The optimal combination of uniform/noisy training and exact/narrow/broad attention depends on the nature of tasks.
Only validated on Mistral-7B, without testing on larger models.
The quality of the retriever (Dragon) has a significant impact on overall performance.

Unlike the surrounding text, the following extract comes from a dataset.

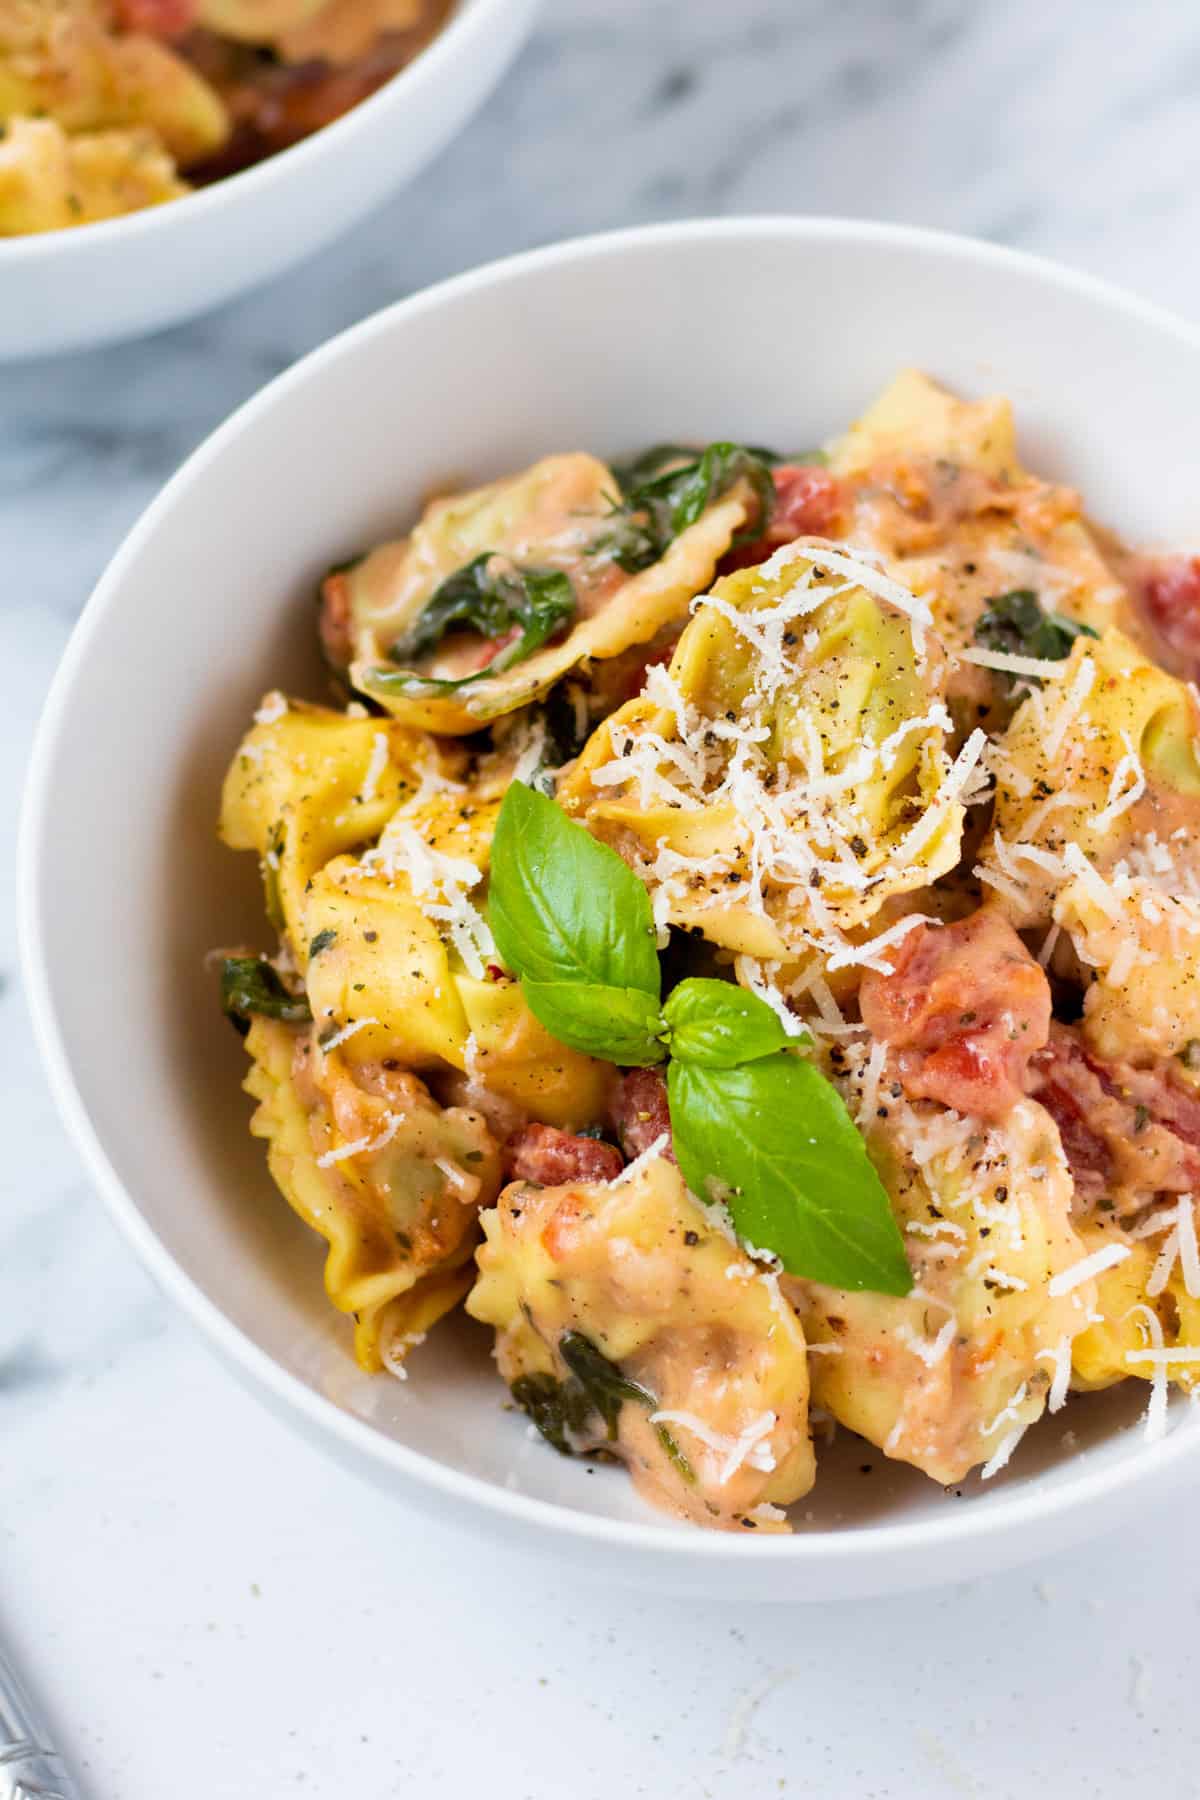 tomato and spinach cream sauce mixed with tortellini and topped with fresh basil and parmesan cheese in a white bowl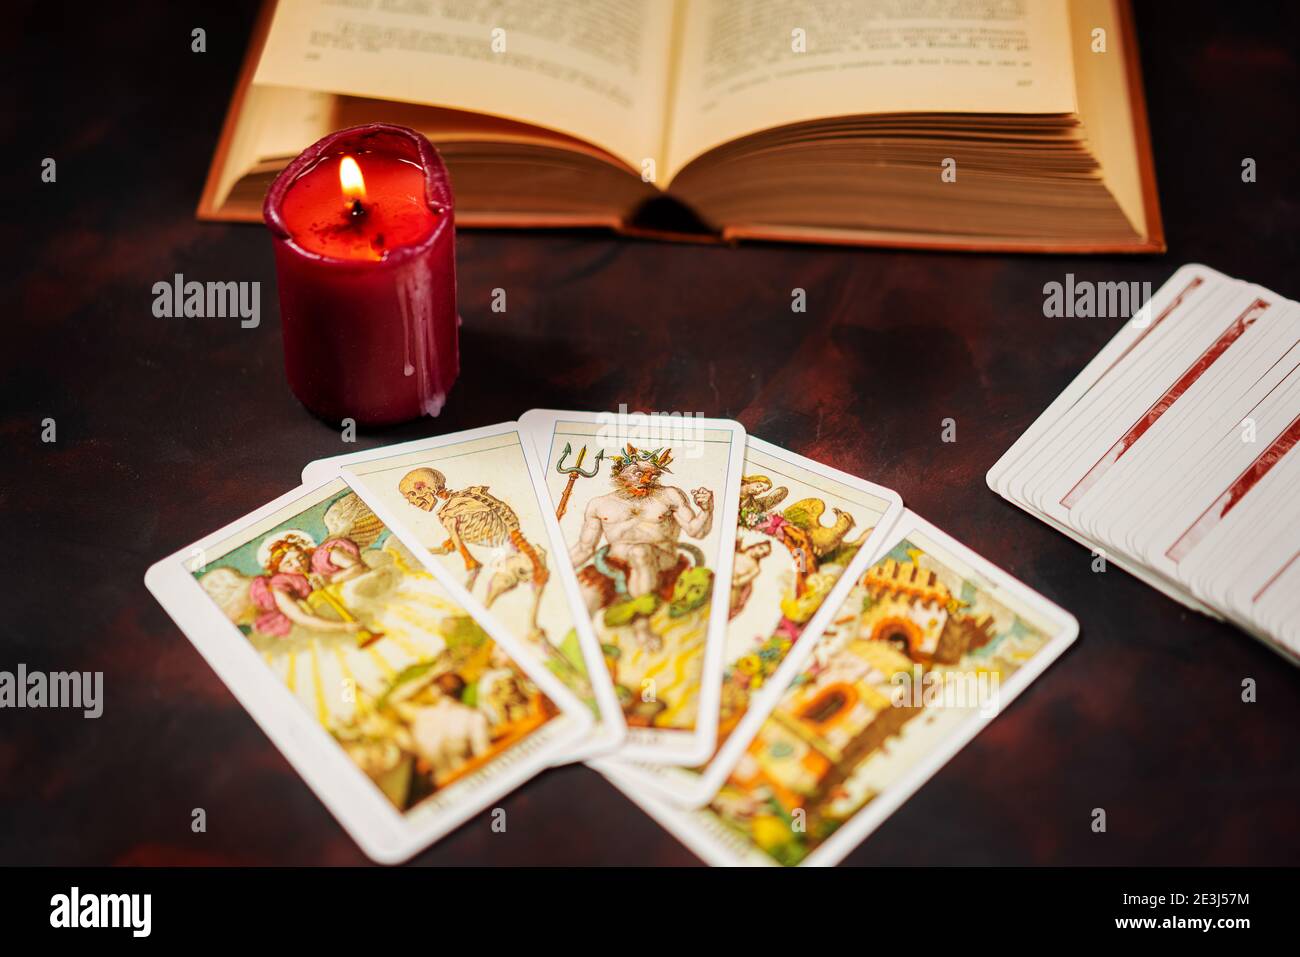 Blank Tarot Cards, Divination Deck, Oracle Cards

Long-context LLMs: Phi-3 (Abdin et al., 2024), Position Interpolation (Chen et al., 2023), Sparse Attention (Child et al., 2019).
RAG: Dragon retriever (Lin et al., 2023); attention distillation to improve RAG (Li et al., 2024b).
Memory-augmented LLMs: Larimar (Das et al., 2024) with only top-1 readout is unsuitable for scattered information; kNN-LM (Wu et al., 2022) mixes attention using a learnable gate.
Attention Denoising: Differential Transformer (Ye et al., 2024) uses noise cancellation to reduce attention on irrelevant tokens.
Attention Dilution: "Lost in the Middle" problem (Liu et al., 2024).

Rating ⭐⭐⭐⭐¶

Cleverly combines episodic memory with self-attention, enabling highly efficient training (generalizing from 4K to 256K) and showing outstanding performance under the hardest experimental settings. The approach has clear intuition and thorough evaluation, though scalability (KV cache memory) and dependency on the retriever remain bottlenecks for practical deployment.